The leaders of Bradford, Calderdale and Kirklees councils in West Yorkshire, which all have restrictions in place, said unlocking certain areas while keeping restrictions in others would make “the already confused local regulations almost impossible to understand”.

They called for the three areas to be brought out of local lockdowns and put in line with national restrictions.

“Step up to your job as national government,” the leaders said. 

“Different restrictions ward-by-ward and place-by-place decided by Tory backbench MPs undermines local council leadership and is no way to lead a nation through a national pandemic.

“You need to set a clear national framework for the nation which local authorities (can) operate within. 

“Instead you’re making it up as you go along.”

Burnham said: “I wouldn’t say this was a unanimous position but it was certainly the overwhelming consensus of our meeting that that is not a road we should go down. It is a recipe for utter confusion, division and chaos, and we are saying to the government we do not want to work in that way.

“To play in the concerns of Members of Parliament, obviously they are valid and need to be heard, but you cannot say views from one community alone can dictate what happens for the whole of a borough. 
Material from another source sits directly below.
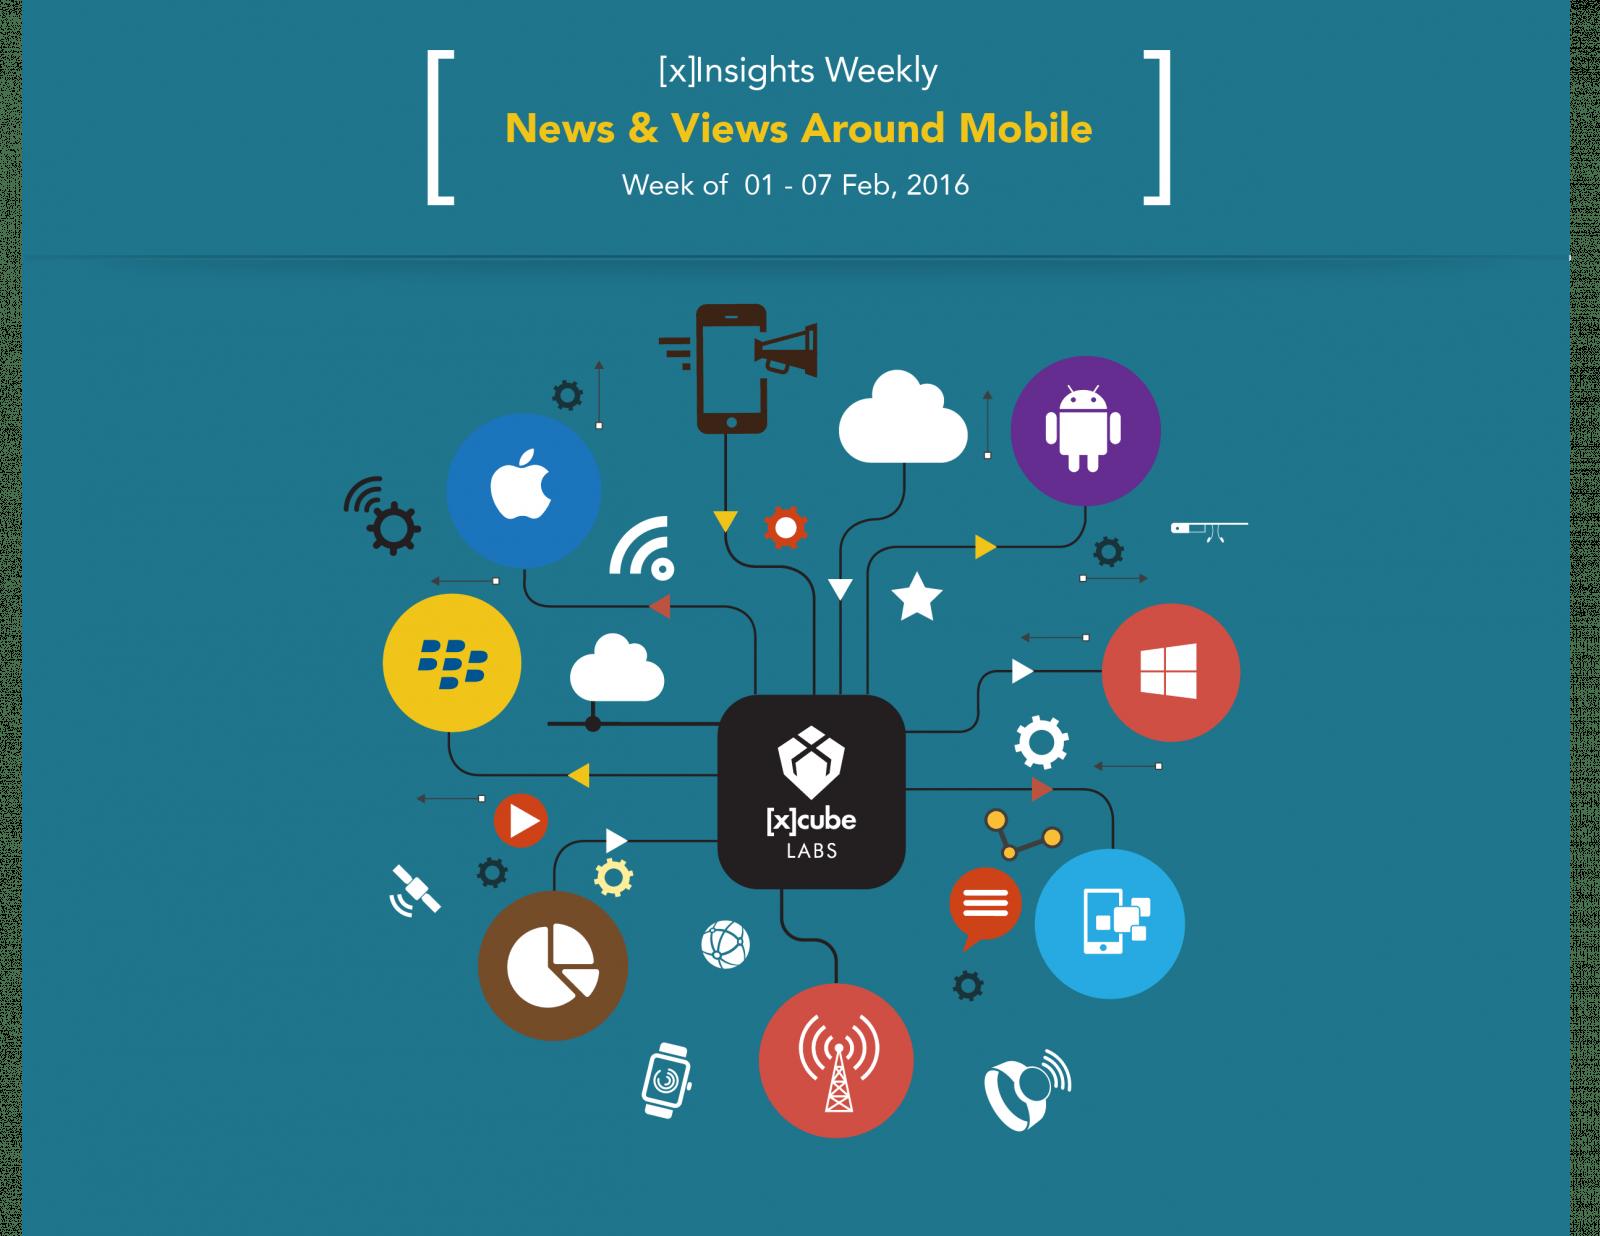 enterprise-mobile-news

“So we are saying very clearly back to the government today that it is the council leaders and their teams themselves that need to be in the driving seat when it comes to decisions about the lifting of restrictions. People do not want to see a division within particular boroughs.

“Sadly I think what we begin to see is some people playing politics at a local level with these issues. The view of the leaders was that was entirely the wrong way to go. We will continue to be evidence-based in the way that we approach this and we will take the responsible course as we have done all along.”

The consensus lockdown proposals decided on by council leaders and MPs were being discussed by chief medical officer Chris Whitty and senior advisers on Wednesday.

Whitty will join Hancock for a “gold command” meeting of the Joint Biosecurity Centre on Thursday, when a final decision will be taken on whether to lift current restrictions.